На сей раз Игорь не на шутку испугался инвесторов. Он, вроде, не сильно виноват, но всё равно, бегать станут за ним…

Нет, не только из-за этой истории закрыл он свой «Мегаполис». Фирму давно лихорадило, прибыли сменялись убытками, он словно находился на качелях, могущих в любой момент оборваться, но эта история с Мищенко, с «МОНИКИ» и с подмосковным правительством стала последней каплей. Если бы не инвесторы, Игорь, вероятно, ещё продержался бы несколько месяцев. Но и Леонид, тот тоже закрыл свой бизнес.

Вот так и получилось, что Леонид Трегубов устроился зав. отделом в «Инвестком» и пригласил Игоря. Вообще-то Игорь не очень хотел в «Инвестком», с корпорацией у него были давние счеты. Если бы в «Инвесткоме» существовал чёрный список, Игорь, вероятно, оказался бы в нём.

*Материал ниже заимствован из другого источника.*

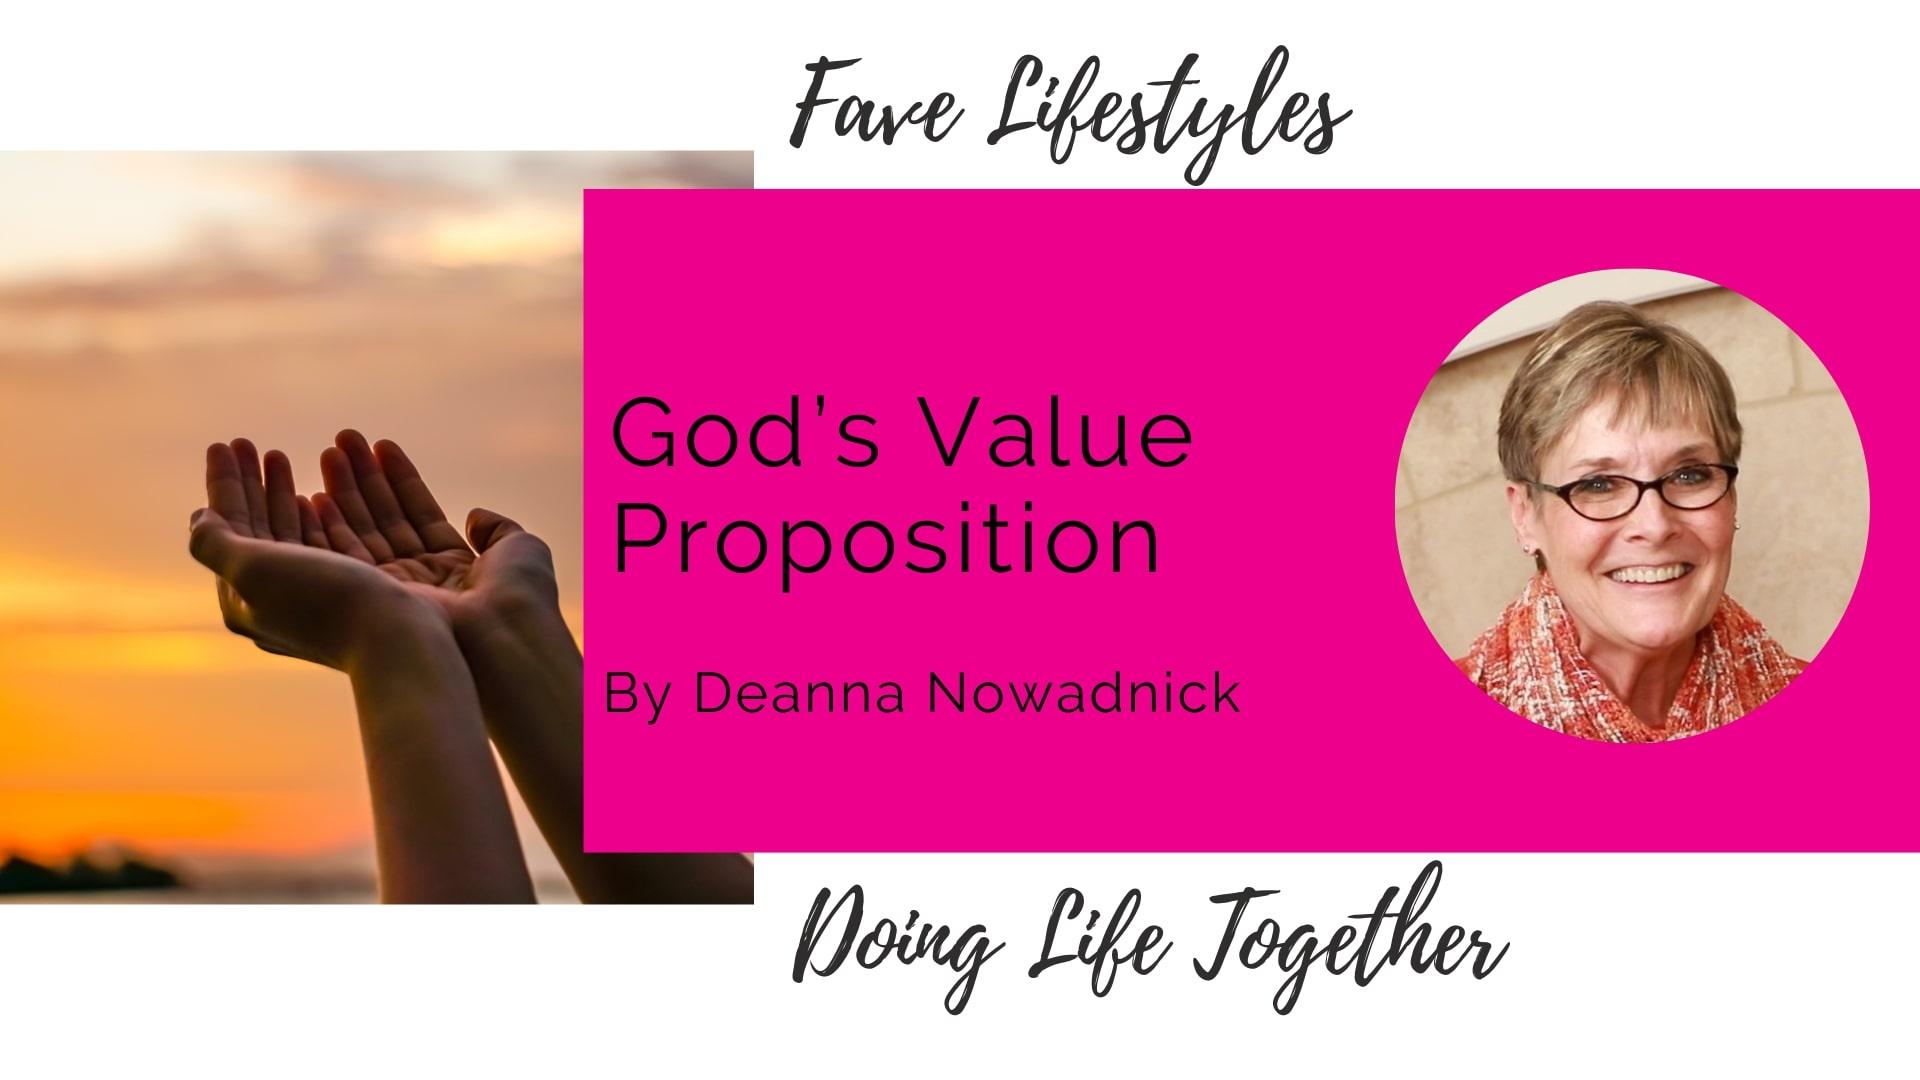 God's Value Proposition

Выяснилось, однако, что никакого чёрного списка не существует в природе. Заведующая Перовским отделением – ещё несколько недель назад она работала главным экспертом на Чистых прудах и не очень понимала, в чём состоит её новая работа, – с Игорем была чрезвычайно приветлива: «Вы опытный человек, умеете работать. Леонид мне о вас рассказал. Желаю удачи». И всё, никаких инвестиционных сделок, деталей, никакой информации, будто Игорь всю жизнь проработал в «Инвесткоме». Леонид тоже молчал. Вскоре стало ясно, почему – недели через две он перешёл в «Миэль». Игорь встретил его года через три. К тому времени Трегубов давно ушёл из «Миэля» и подвизался на государственной службе. «В нашей стране лучше всего быть чиновником, – со знанием дела самодовольно изрёк он. – Главное, ладить с начальством».

Секретарша – она в отделении бо́льшую часть времени оставалась за главную – дала Игорю подписать трудовой договор. Как он и ожидал, Игорь уже знал немного местные порядки, в одном экземпляре.

– Положено в двух, – напомнил Игорь, – один хранится в «Инвесткоме», другой у меня.

– У нас положено только в одном, – отрезала секретарша. Девица была из породы дрессированных исполнителей, не привыкших подвергать сомнению распоряжения свыше, спорить с ней было бесполезно. Не согласен, уходи.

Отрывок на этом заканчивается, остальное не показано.